Shiny hair and nice earrings! I’m not against women or men looking great. But it becomes a problem when the praise of girls is almost exclusively directed at their appearance, their bodies, and their makeup, when it seems to be the only value we put on them. When the first and only praise directed at my daughter (since she was a toddler!) was, “You are so pretty!” how can that help but stick as being the most valuable thing about you? I always try to add with a smile, “And smart!” We learn from birth that prettiness, thinness, and being attractive to boys are the prize, the golden ring, the purpose and value of our life. And from that comes insecurity, addictions, eating disorders, and a warped disregard for all else women and girls have to offer.

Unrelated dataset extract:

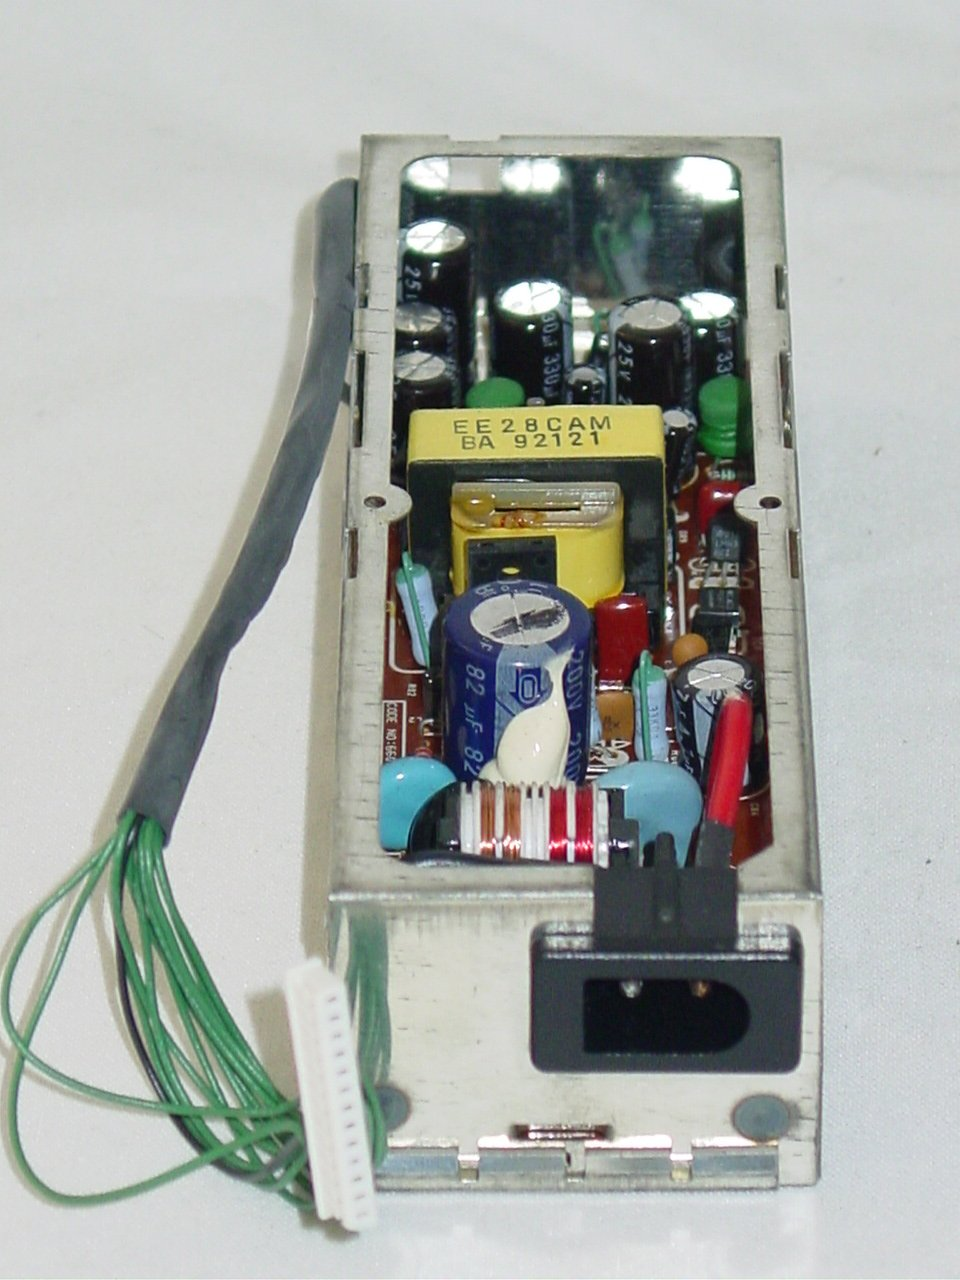 Memorex 801 8mm VCR 16-655 Power Supply Board 66029-0536-00

So the low self-esteem, the track to failure and settling, spans all the way from objectification to more obvious marginalization. How girls get treated in class, how they are encouraged or not encouraged, the lack of opportunities they get in school from kindergarten to college, how their parents treat them, how much sexual and physical abuse they endure, the kinds of jobs they’re groomed to be attracted to, the lack of role models and examples that they do or do not have, the kinds of employment they do or do not land—all of these things play a role.
The key to success and fulfillment is self-esteem—self-esteem, confidence, and a healthy body image. I don’t know a girl, a teenager or woman—no matter how smart, how feminist, how educated, how cool, how sequestered in the country, how raised by feminist parents—I don’t know one who doesn’t have at least three-quarters of her thought process sucked up by how fat or thin she is. So when you have a whole gender,
when you have most of the female population, concentrating on something that ultimately means nothing, it usurps the time they might be dreaming of becoming . . . perhaps . . . the president of the United States. So you have fewer women who are up for it, fewer women armed with what it takes to overcome all this smothering of spirit, and, therefore, fewer female candidates to choose from. Maybe that’s why we don’t have a woman president.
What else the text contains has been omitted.